We clearly believe there's an absolute cost benefit in that. Plus you're delivering better service. You're not even counting the benefit of better security, better passwords management, better arrangement, better termination processes, better initiation processes. Those are sort of obvious. They're soft. It's hard to measure them, but it doesn't take much to get to the point where you believe it will be worth a lot.

We still haven't talked about the convenience to the citizen. Government, it seems to me, tends to cut these folks up in awful little chunks. We don't treat them as individuals. Have you ever been to a company talking about a product focus versus a customer focus? Have you watched what the telephone companies have been doing the last five years? Everything was a separate bill. You were a different customer for each product they sold. Now they're trying to be really focused -- you're their customer, and through that mechanism, they give you lots of products.

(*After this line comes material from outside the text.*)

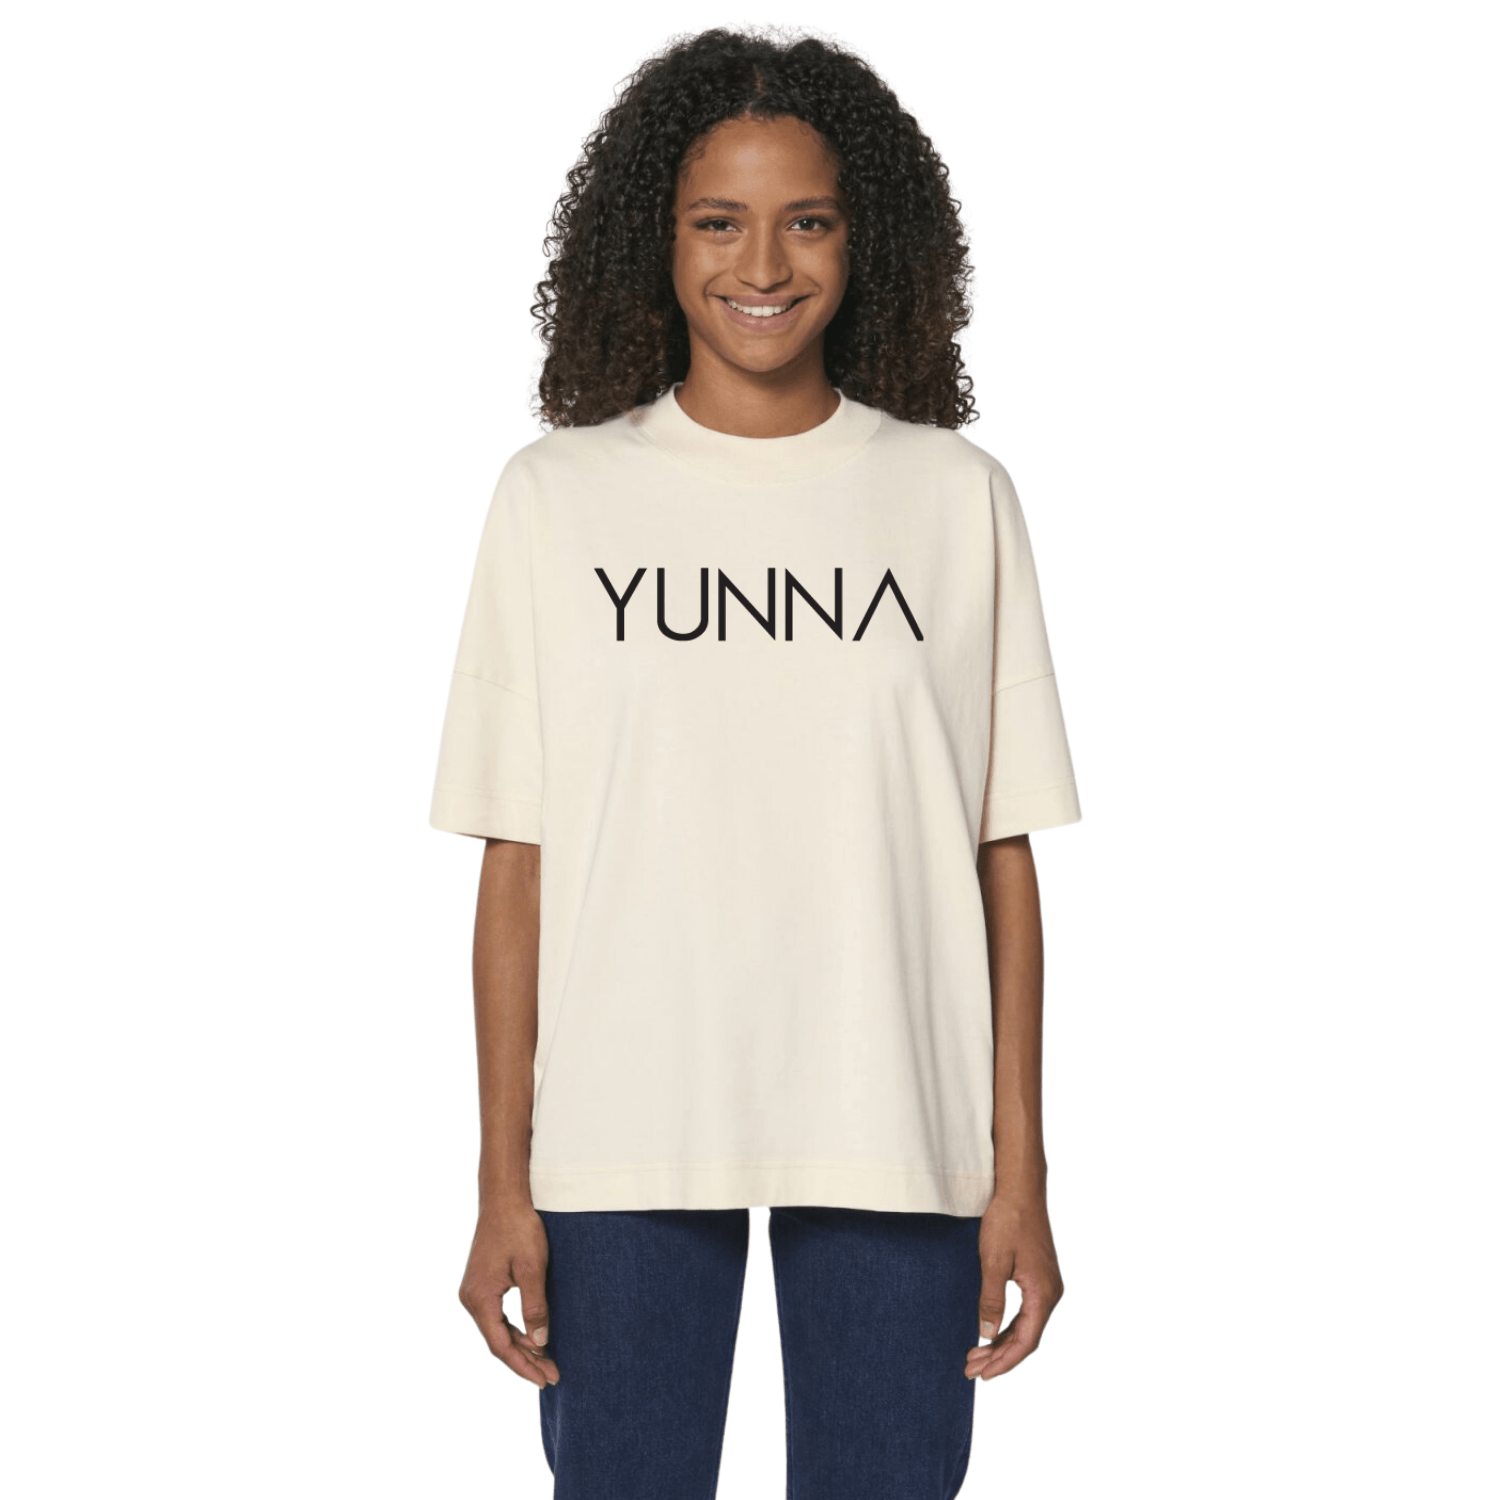 T-shirt Naturel Unisexe - Mission Y - Yunna France

The analogy is perfect. The government is the same way. We have lots of services and products that we need to, or we're required to, or we should be providing to our citizens. But we need to be customer focused, not product focused. This alone, along with the portal capability, could be the point where we begin to pull those things together.

That's the reason we think this is worth committing to, and the reason we're using both money and political capital to try and move forward -- even though it's a little difficult.
Chad Vander Veen is a former contributing editor for Emergency Management magazine, and previously served as the editor of FutureStructure, and the associate editor of Government Technology and Public CIO magazines.